### What to do:
Would you please return the lines of the entries below starting at the line that has "Black ops emblem" and ending at the line that has "Alta precisión personalizada", both included, exactly as they are?

### Provided material:

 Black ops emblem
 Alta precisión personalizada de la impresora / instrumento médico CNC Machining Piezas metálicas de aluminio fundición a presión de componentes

...

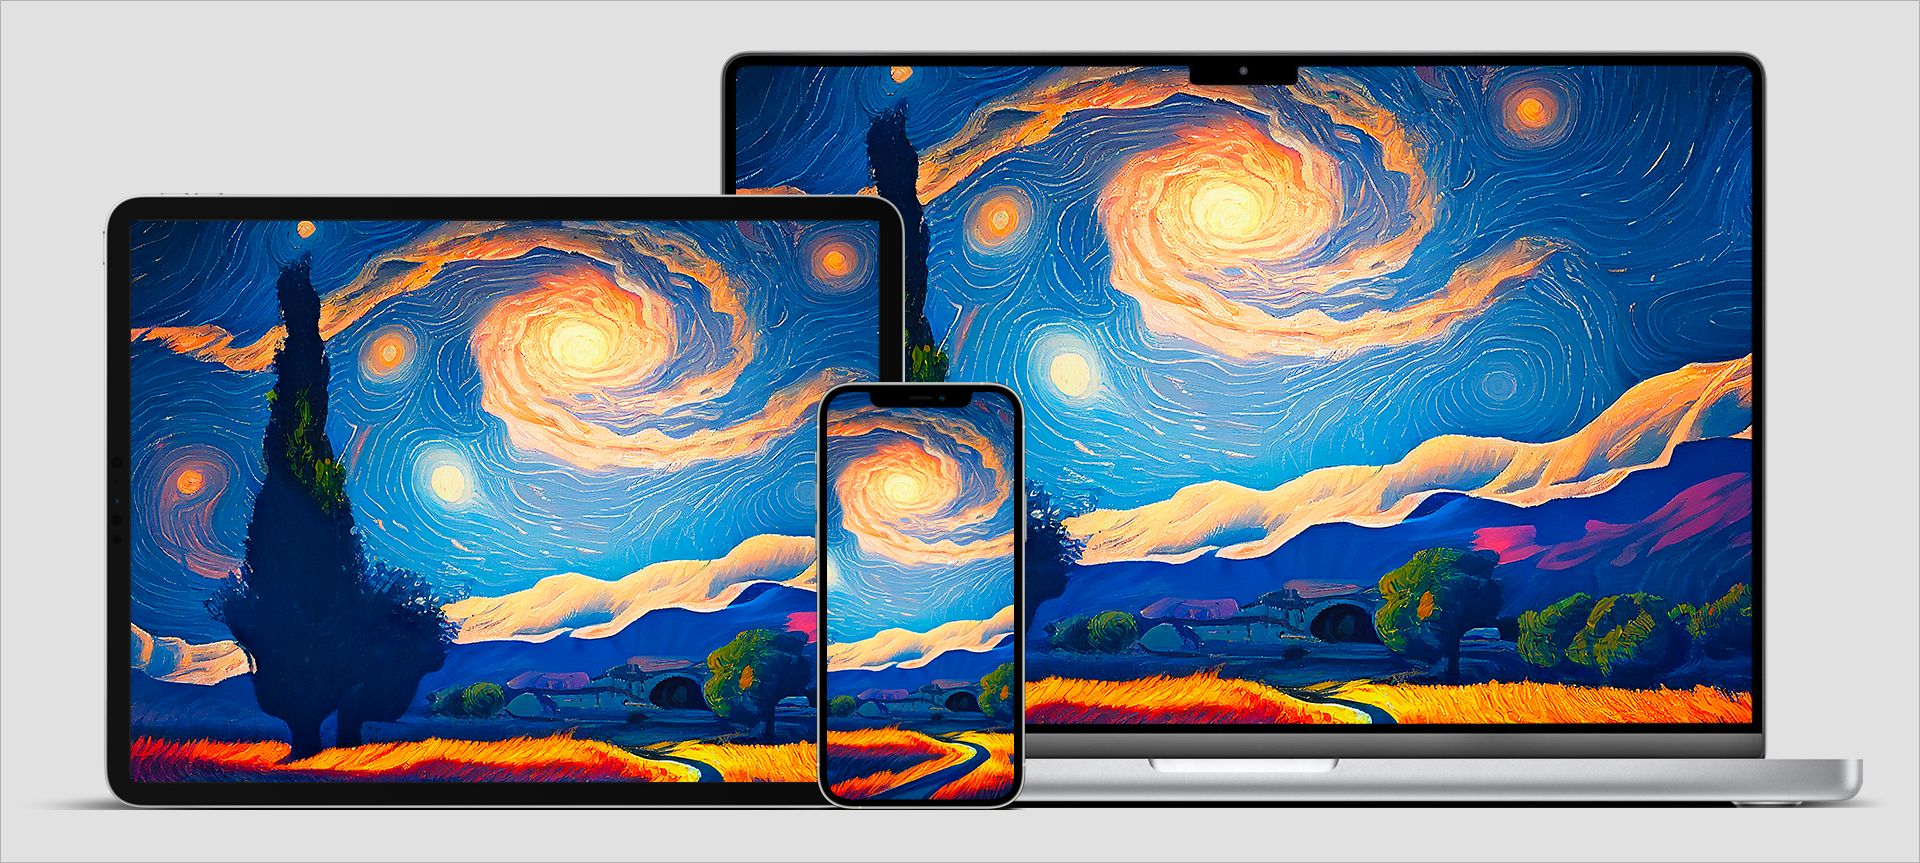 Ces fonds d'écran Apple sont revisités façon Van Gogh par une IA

...

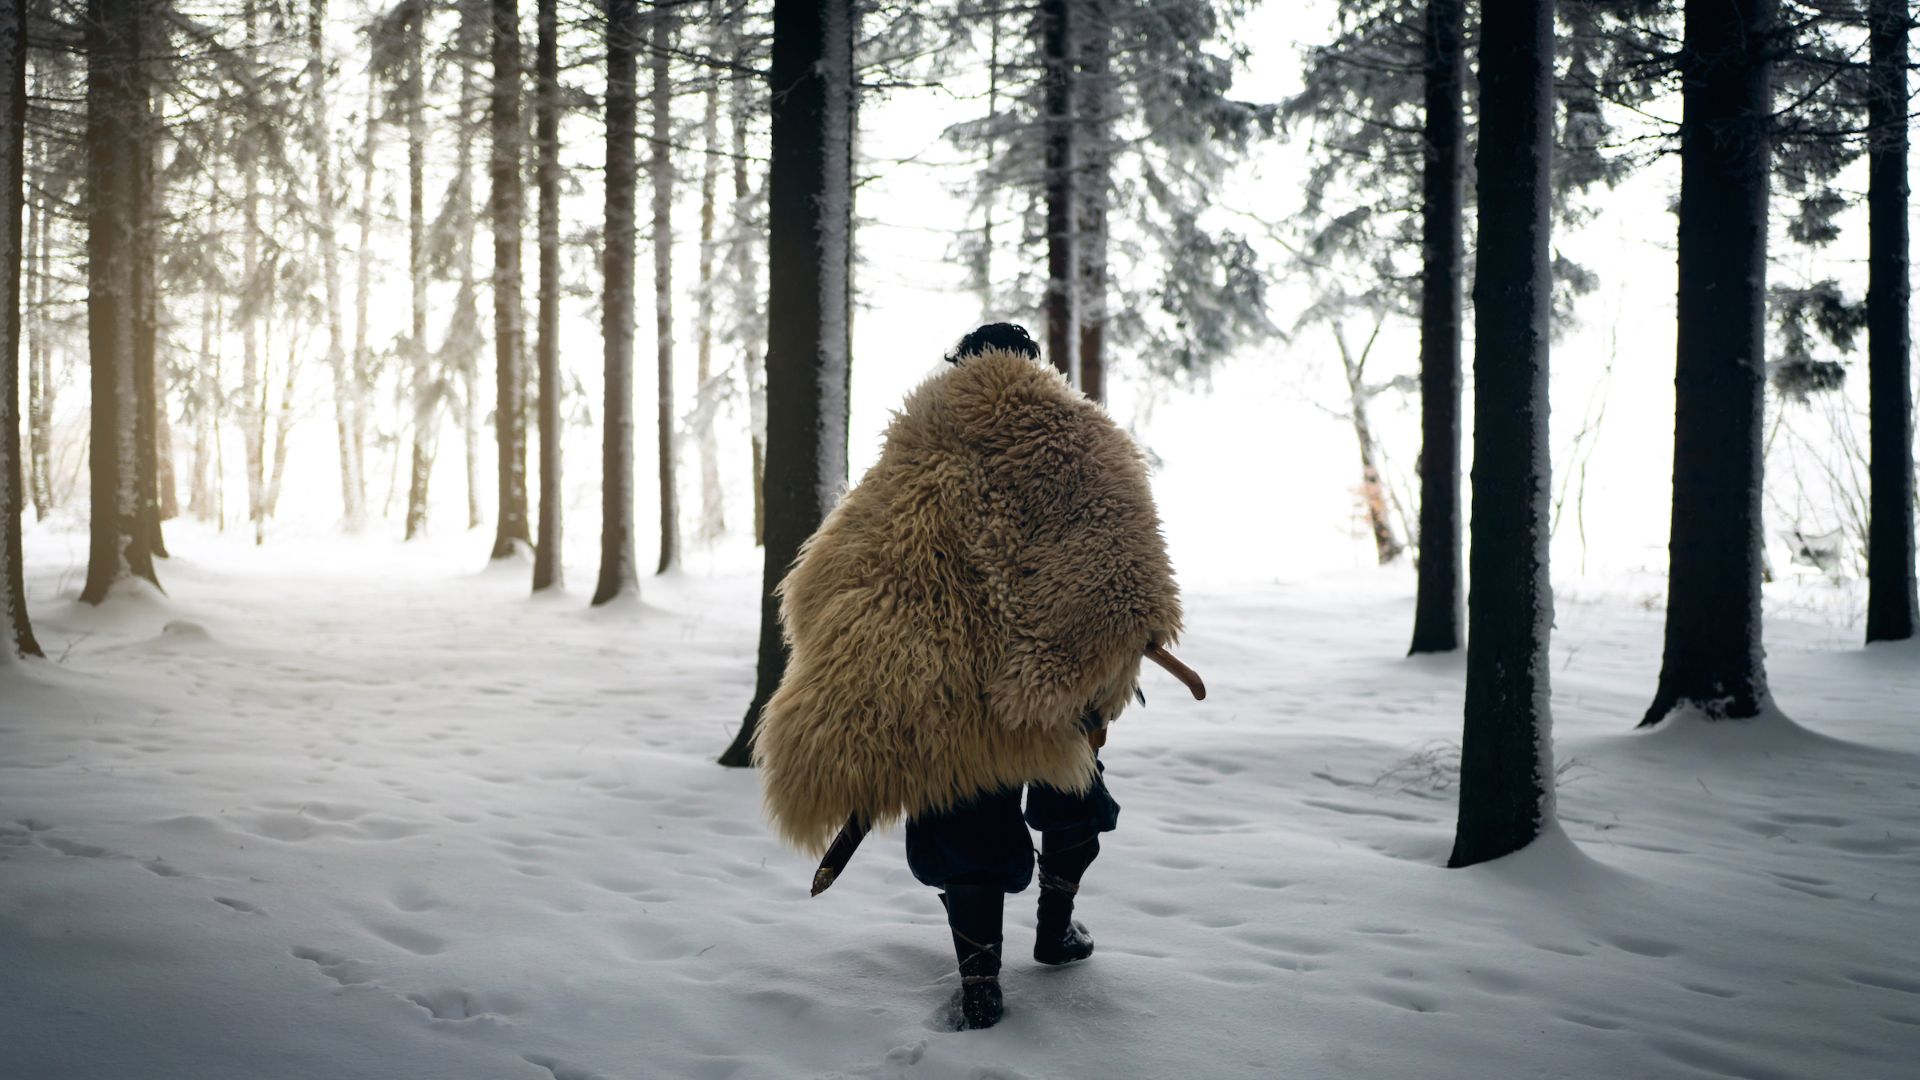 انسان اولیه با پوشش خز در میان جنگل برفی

### Task output:
 Black ops emblem
 Alta precisión personalizada de la impresora / instrumento médico CNC Machining Piezas metálicas de aluminio fundición a presión de componentes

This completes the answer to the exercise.